UPDATED, Thursday, Aug. 20.
State Board of Education member James Ford tied “swing voters” and “white moderates” to “white supremacy” in a late-night tweet Monday, Aug. 17.
The tweet was a response to the Democratic National Convention, which opened its virtual nominating convention Monday. Tuesday night, Democrats formally nominated former Vice President Joe Biden as the party’s presidential nominee.
Ford called out the DNC for “playing to swing voters” and “white moderates,” which he then connected to “white supremacy.”
Gov. Roy Cooper, a Democrat, appointed Ford to the state education board in 2018 to fill a vacancy for the southwest region. Because Ford filled a vacancy, the General Assembly wasn’t required to confirm his appointment.
On Thursday, Superintendent Mark Johnson weighed in.
“Given your leadership role on the State Board, while you might not find the current Democratic Party leadership to be very inspiring, it is unacceptable to equate middle-of-the-road North Carolinians to being racists,” Johnson said in an email to Ford.
Ford leads the Strategic Planning Committee on the state education board, but Johnson questioned whether Ford could hold onto his leadership position after his actions.

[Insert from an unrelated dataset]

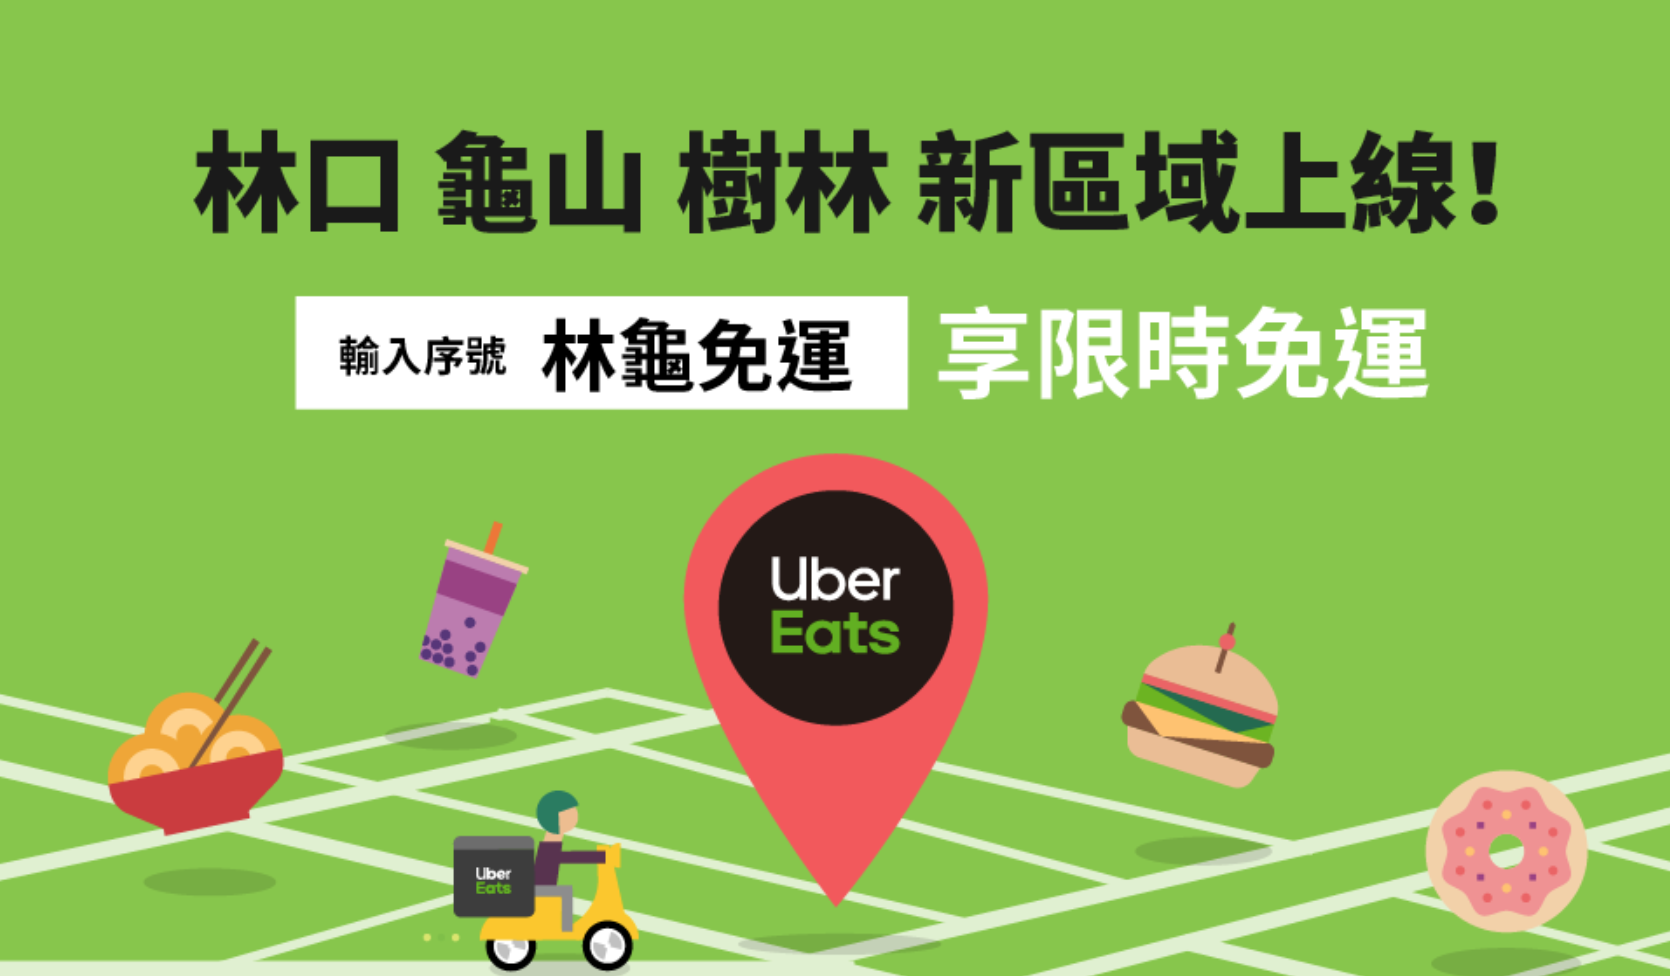 Uber Eats優惠-首二次訂餐可各折價100元餐廳外送首購優惠序號/折扣碼/推薦碼/promotion code 最新2019/8/812

If Ford demonstrates that his “radical views” won’t impair his ability to serve in an impartial manner then the matter should be deferred to Cooper and Davis, Johnson said, but if Ford can’t do that then he should at least resign from the Strategic Planning Committee.
“DPI and the State Board face many challenges moving forward, and your inflammatory rhetoric harms our mission to provide a sound, basic education to all students,” Johnson said.
Cooper didn’t respond to an email from Carolina Journal asking whether he felt the statement was appropriate for a board member to make.
Before serving on the state education board, Ford was a program director at the Public School Forum of North Carolina, and was the N.C. State Teacher of the Year during 2014-2015.
Ford is also the principal at Filling the Gap Education Consultants, LLC, a consulting firm providing equity-based educational solutions to districts and schools. He is the executive director of the Center for Racial Equity in Education.
Ford’s bio on the Center for Racial Equity in Education describes him as an “equity warrior” who has written about race and education in Education Post, EdWeek, Charlotte Magazine, Charlotte Agenda and EducationNC.
CJ sent an email to Ford asking if he stood by his tweet. He hasn’t responded.
He did, however, refer to CJ’s original story Thursday in a thread on Twitter. He said he was using the Rev. Martin Luther King Jr.’s “Letter from Birmingham Jail” as a reference.
The News & Observer reported on the dispute Thursday. Ford didn’t respond to the Raleigh newspaper, either.
Neither SBE Chair Eric Davis nor SBE Vice Chair Alan Duncan responded to CJ’s email asking whether they thought Ford’s tweet was appropriate.